Get to know the voice behind Lois Griffin
Once I actually watched it though, I really began to question the deal. To be brutally honest, which is hard considering I find her attractive and am impressed by her status as a working TV writer, but this show just isn't that good. There are certainly decent parts, and Borstein is eminently likable, selling even her weakest material with ease, but I barely responded to her stories and bits with more than a chuckle, even when her effort and personality begged for a laugh. Perhaps I'm not the target audience.

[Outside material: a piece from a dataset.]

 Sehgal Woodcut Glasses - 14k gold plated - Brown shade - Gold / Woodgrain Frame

Or perhaps it was her opening act. It's been said that performers choose their opening acts to make themselves look better. In Borstein's case, that certainly makes sense, as Teddy Towne, the stage persona of Ted Hardwick, definitely makes Borstein shine. Presenting himself as an old-school entertainer, like a slightly more masculine John Waters, he whips through a set of weak L.A.-style jokes before performing a musical segue into Borstein's part of the show.
Borstein's act is very energetic, punched up with verbal outbursts and some vulgar language, as she talks about the topics you'd expect from a "Family Guy" writer, including '80s TV, movies and politically incorrect old Jewish women, taking a few sidetrips into family stories. The stories, which add up to just 53 minutes of show, are mildly amusing, but wouldn't work well without her delivery.

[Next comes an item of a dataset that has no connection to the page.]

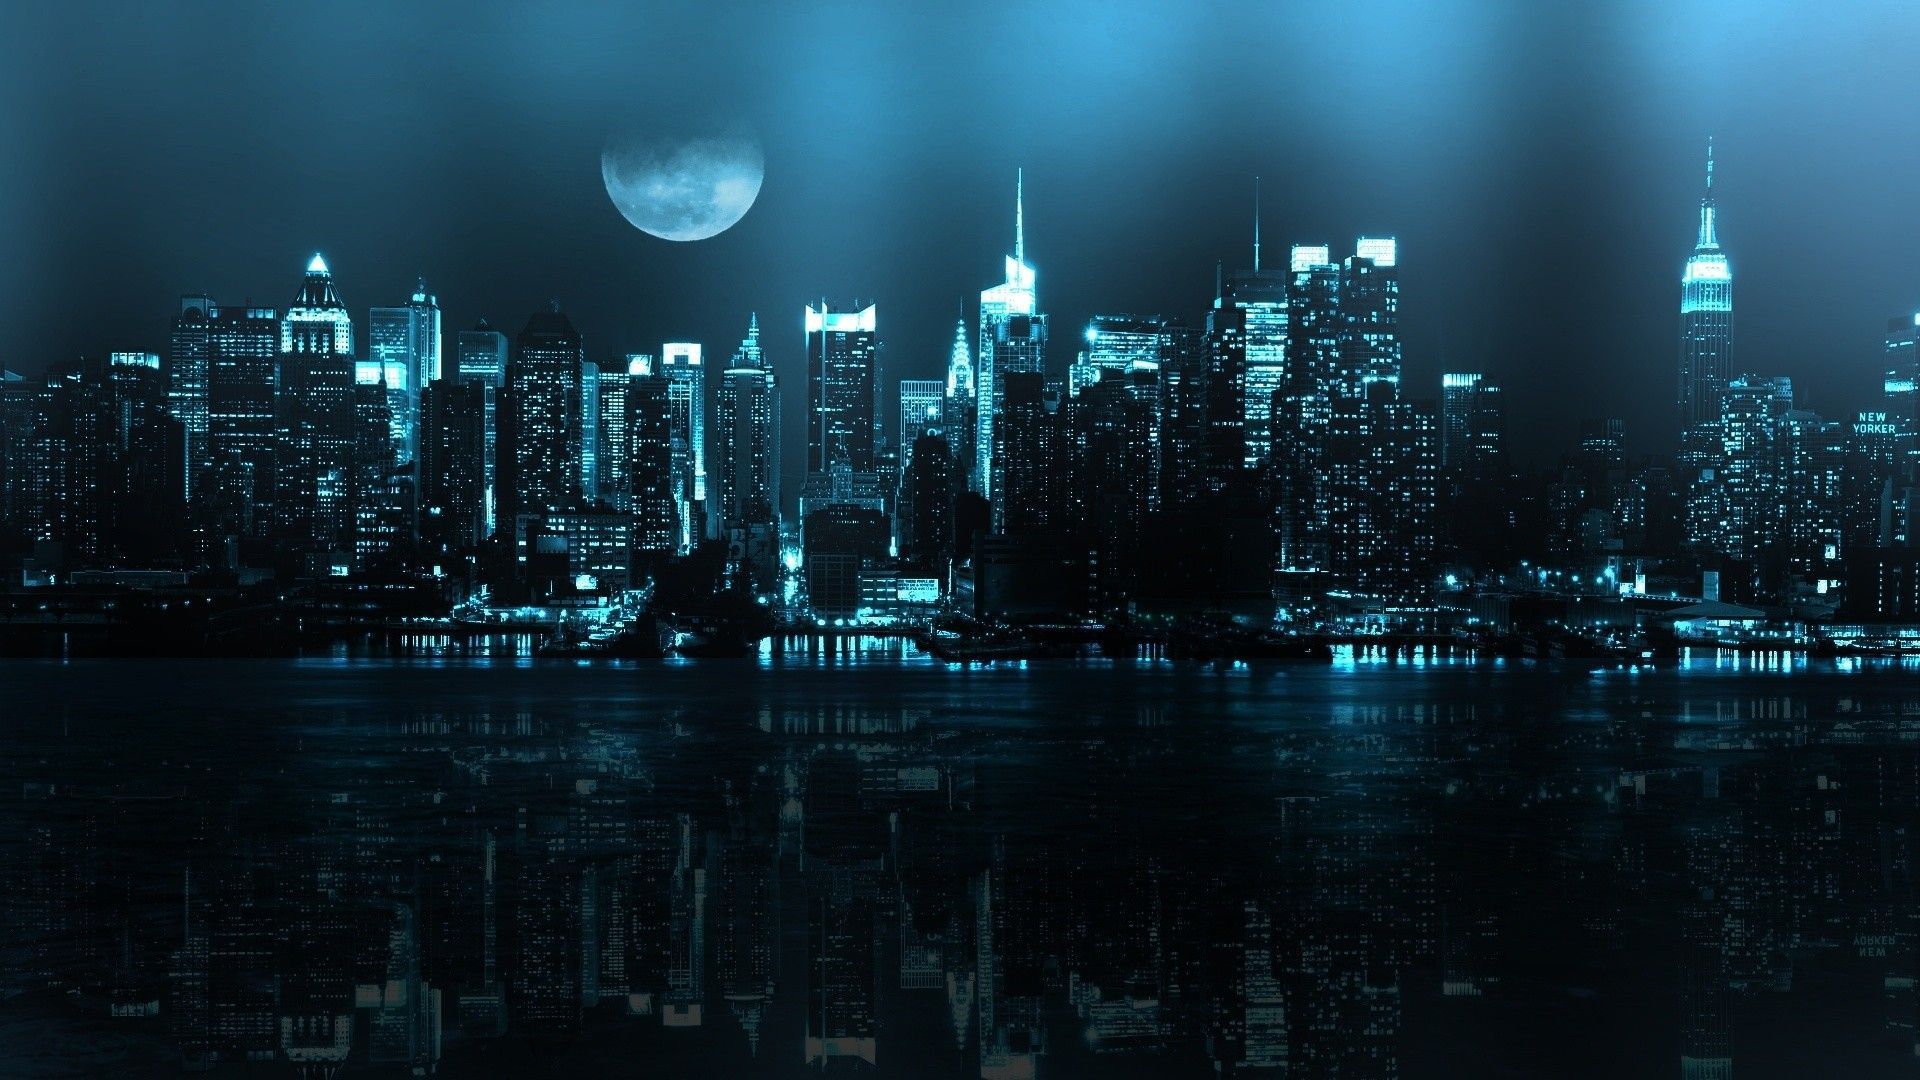 Night City Wallpaper Image Free Download. Papel de parede pc

When describing the girls of "The Facts of Life" or imitating Rosie O'Donnell and Natalie Merchant (sounding great doing so), she'll make you smile, but her best work here is in discussing the breakdowns used to cast TV shows and movies. Her bemused outrage at the narrow, physically-focused and simply stupid descriptions of the various roles for women is fun to watch, as she acts out silly concepts like a woman OK with being topless and good at improv, or pretends to be an exotic dancer.

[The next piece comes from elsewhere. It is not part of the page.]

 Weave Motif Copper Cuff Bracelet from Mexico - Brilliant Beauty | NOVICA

Looking at this demure little lady, you wouldn't expect to hear this stuff coming out of her mouth, but once you do hear it you'd expect more of it. It's just not here in this hybrid stand-up/monlogue.
The audio is a mono mix, presented in a Dolby Digital 2.0 track. It's OK for what's basically all dialogue, though at times her voice drops out, unfortunately on her final punchline.
There's also the full song from the show's closing credits to listen to.